Every week, I continue to receive several email from training departments from companies asking:

We are planning to roll-out Agile to our whole organization next week. Can you please provide me with the following information by end of today:

  • Detailed course outline to train the whole organization on Agile.
  • Detailed course outline to train our internal trainers on advanced Agile topics.
  • Availability of a coach who can work with our internal coaches to roll out Agile to our organization.

Also please let me know how much this is going to cost exactly.

This is worst than a fixed-bid project (fixed-cost, fixed scope & fixed time). At least there you have some context based on the thick-spec they give out.

I usually respond saying:

I apologize in advance, my response might sound a little harsh.

I’m sure you can find few people in India who can provide you with the services that you are looking for. But let me give you some context so you understand the nature of the risk you are taking.

Every week, I get at least one such email from a company who wants to adopt Agile method. They want a pre-packaged courseware (in-person or elearning) that can be rolled out to all their employees. And they hope they can get a good coach in India who can guide their organization.

Personally I always advice companies not to go down this road. Very few companies pay attention to my advice. Others go ahead with this approach. They shop around for the best deal they can get. They hire an “Agile” training company. Invest Lakhs of Rs in training. Spent a lot of energy and effort in trying to make this work. Take a productivity hit on projects and so on. And after 6 – 12 months they came back saying: “This Agile thing does not work. We invested so much, but there is no improvement. In fact our organization is worse off“.

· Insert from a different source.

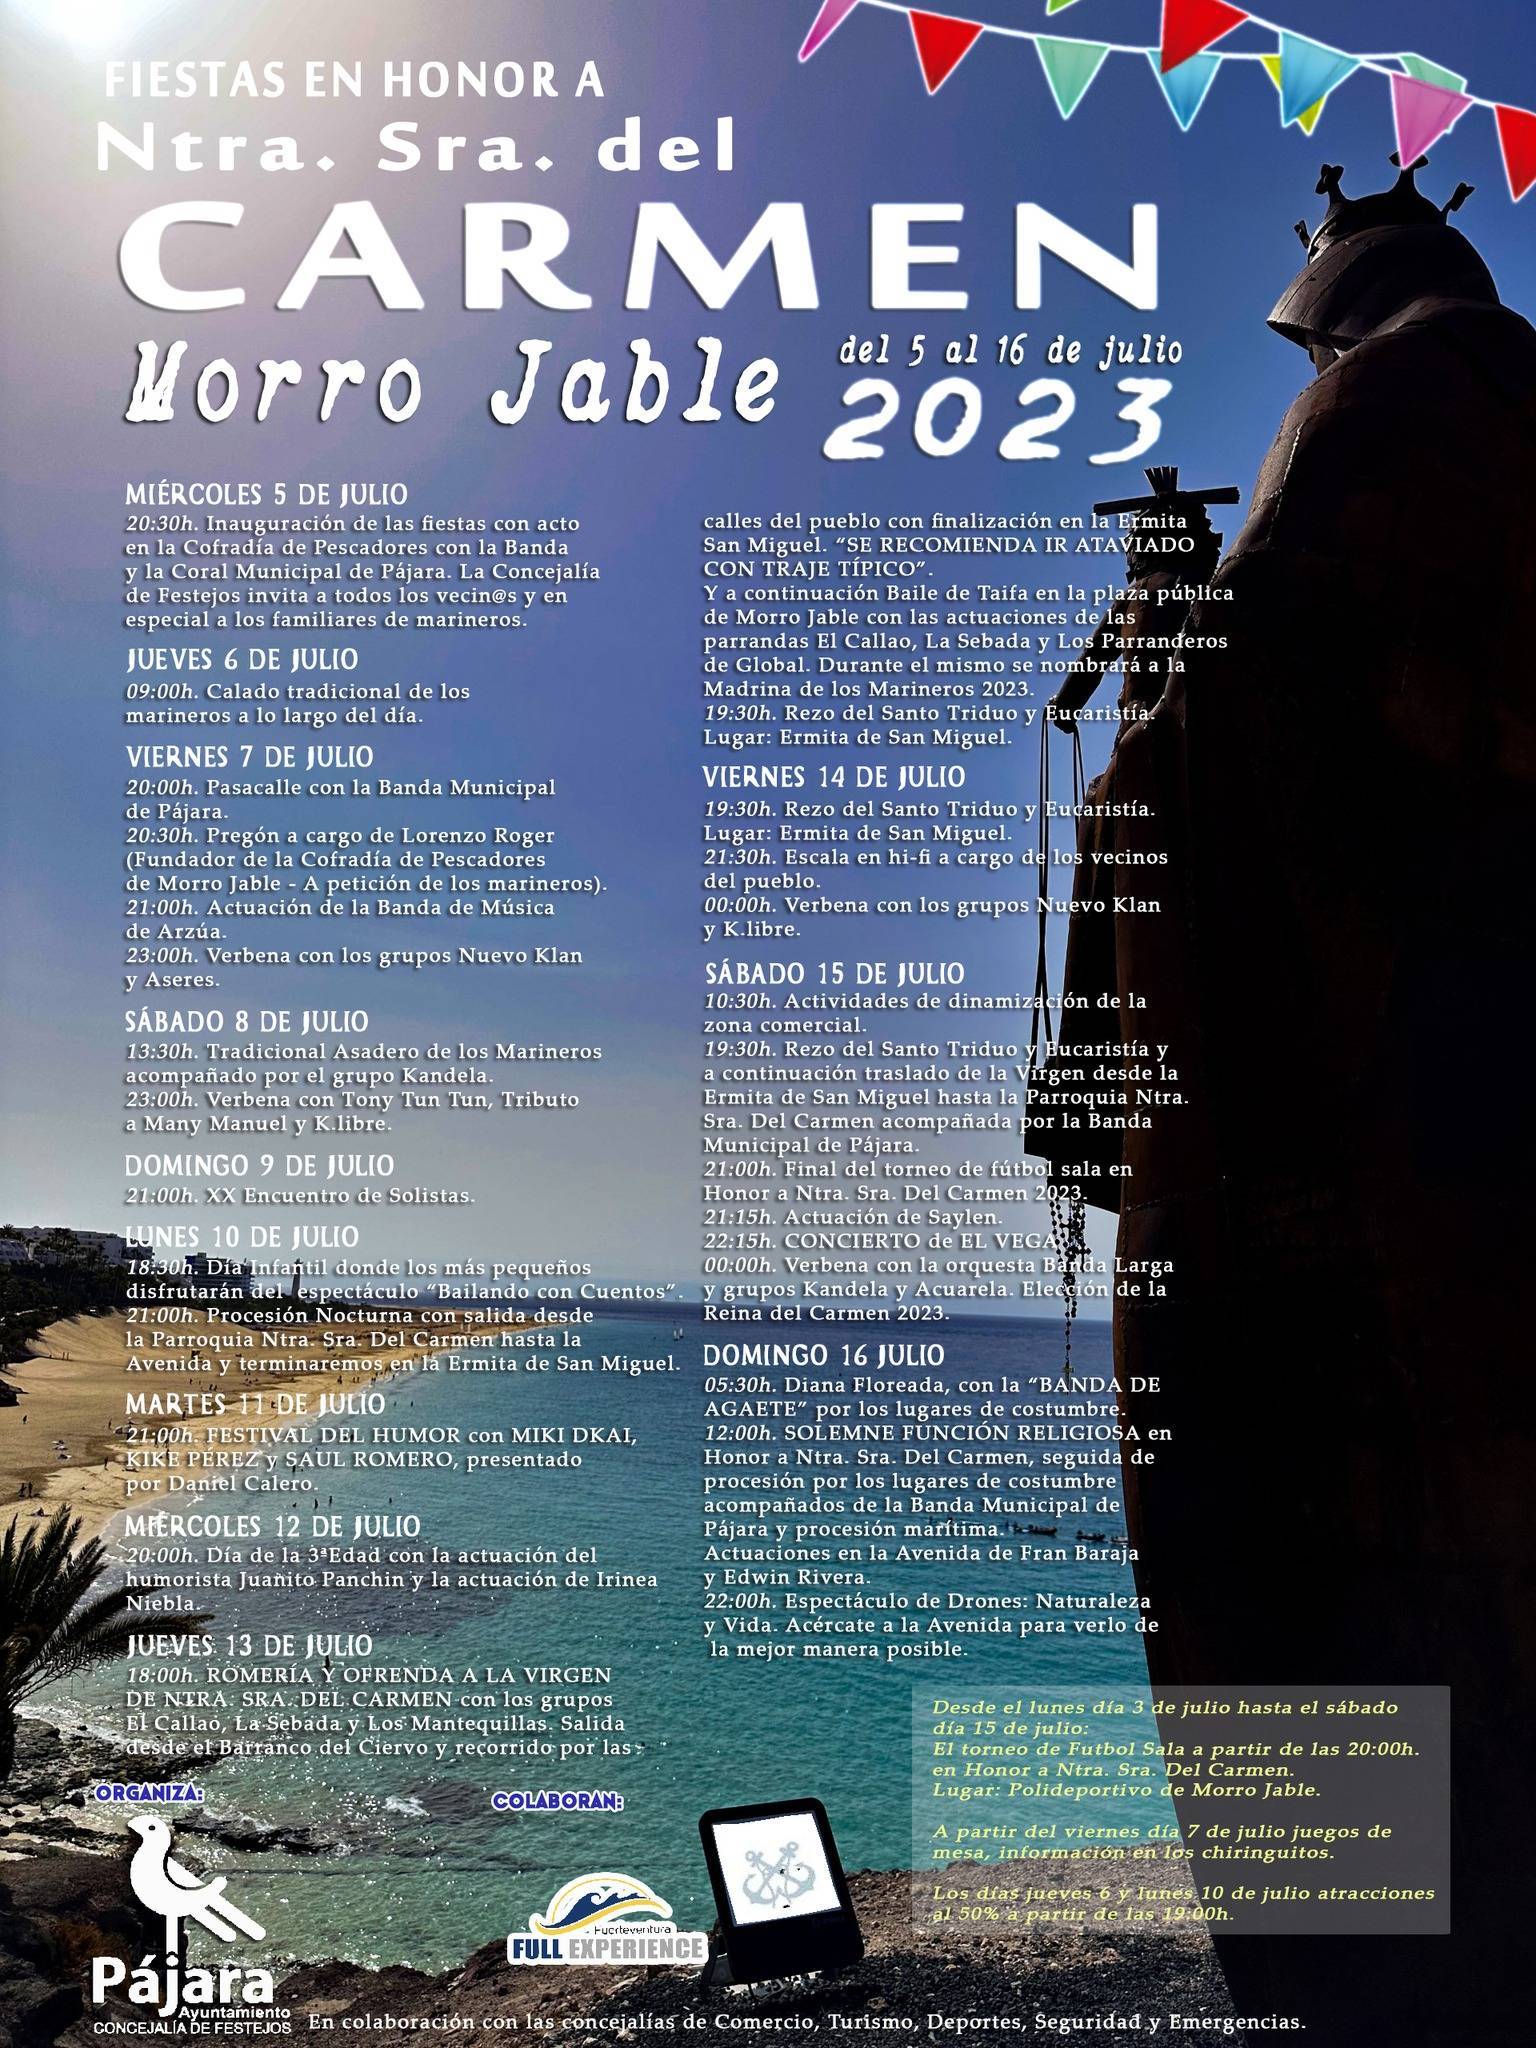 Fiestas en honor a Nuestra Señora del Carmen (2023) - Morro Jable (Las Palmas)

Let me explain why this is the most inefficient way to invest money, time and effort. First and foremost, one needs to understand that Agile is not a thing that one can learn in a 2-5 day class. Agile is a very broad & deep topic. Its not about doing a set of practices, nor is it just a process change, its a cultural, organizational change. It changes (or at least challenges) fundamentally how people build software.

Without studying an organization, their pain points, nature of their work, aspirations of the team members, other constraints under which they operate, etc. .i.e. without the knowledge of the organizational context, any training done on subjects like this, IMHO will do more harm than good. Any general, prescriptive advice on this subject is fundamentally wrong. Any overview session is too vague for people to relate to. Guidance on such matters has to be grounded in contextual land.

I touch on some of these points in the following presentation:

View more presentations from Naresh Jain.

Before going ahead with this window shopping approach, my suggestion would be, get a practitioner to spend a couple of days in your organization, do a small assessment of the situation on ground, collaboratively put a small roadmap together about how you want to handle this change, based on that figure out what training (if any) is required, understand how would you position this to the management and the development teams and so on.

BTW, if your organization has excess money in their bank account and have a few years to waste, I can send you a few course outlines, some profiles of trainings & coaches and their per day rates. I have a dozen of those.